What is your training speed? Could you share your log file so I can see the change of loss? Thanks~

ice-pice commented 8 years ago

@CrossLee1 It takes around 1s/iter for me to train resnet50 + faster-rcnn on NVidia TitanX. 4s/iter seems like too much, it could have been happening because you are adding unnecessary additional parameters into the architecture.

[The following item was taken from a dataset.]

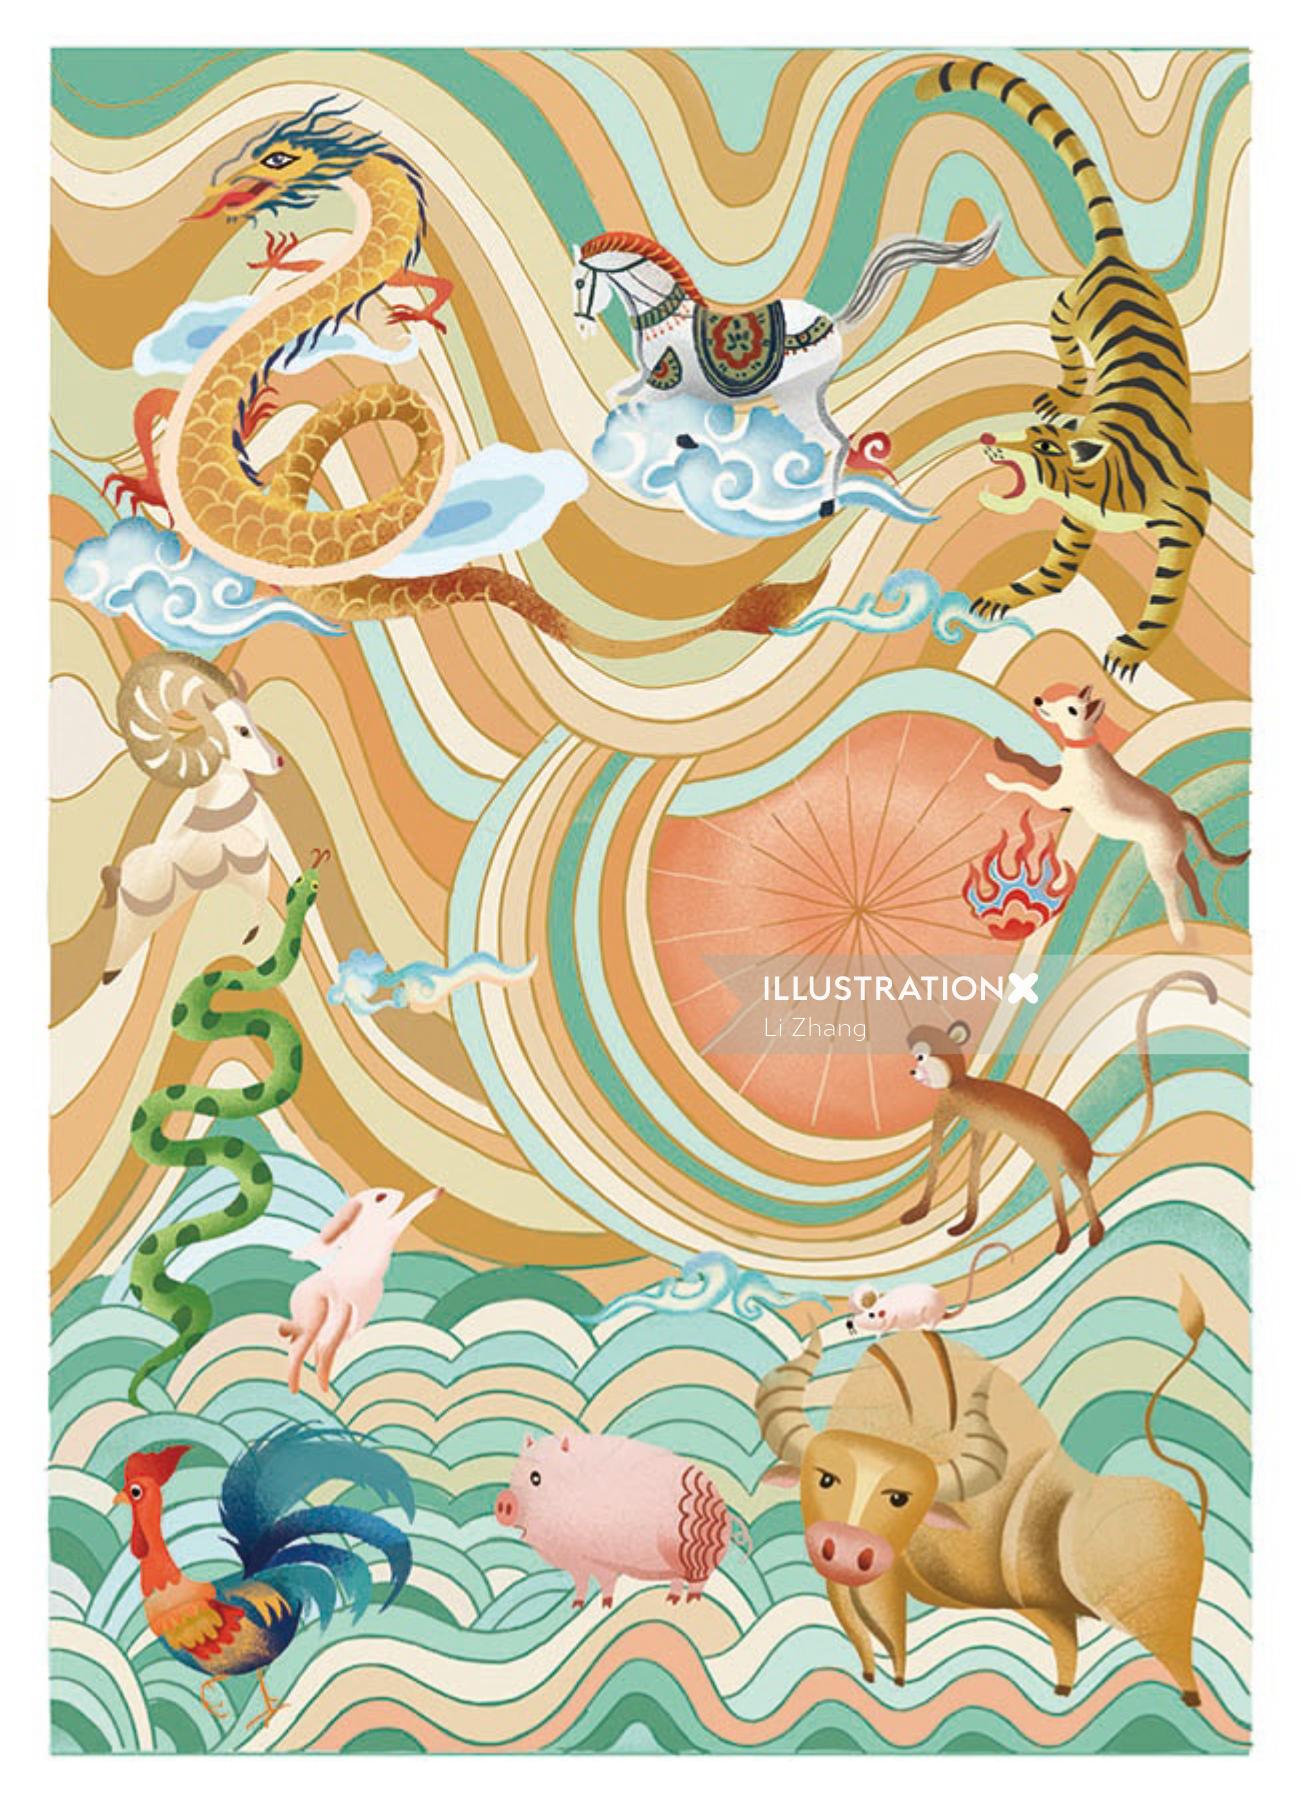 Couverture d&#39;un livre sur le zodiaque chinois, illustré par Li Zhang

You can validate your prototxt by comparing it with a generated prototxt from https://github.com/XiaozhiChen/resnet-generator.

From my observation change of loss is not reflective of convergence in this case because of a mini-batch size of 1. After 50K iterations or so, the loss value fluctuates in the same interval until 320K. Link to log for the model I have trained in my previous comment: https://drive.google.com/file/d/0B4AOlDvVIP8RMUxQS0M5dWJEYjg/view?usp=sharing

I am still making changes and if I reach the baseline, I can share the prototxt with you if you'll like. Cheers!

CrossLee1 commented 8 years ago

@ice-pice Thanks for your reply~ I will use the generated prototxt from https://github.com/XiaozhiChen/resnet-generator and try again.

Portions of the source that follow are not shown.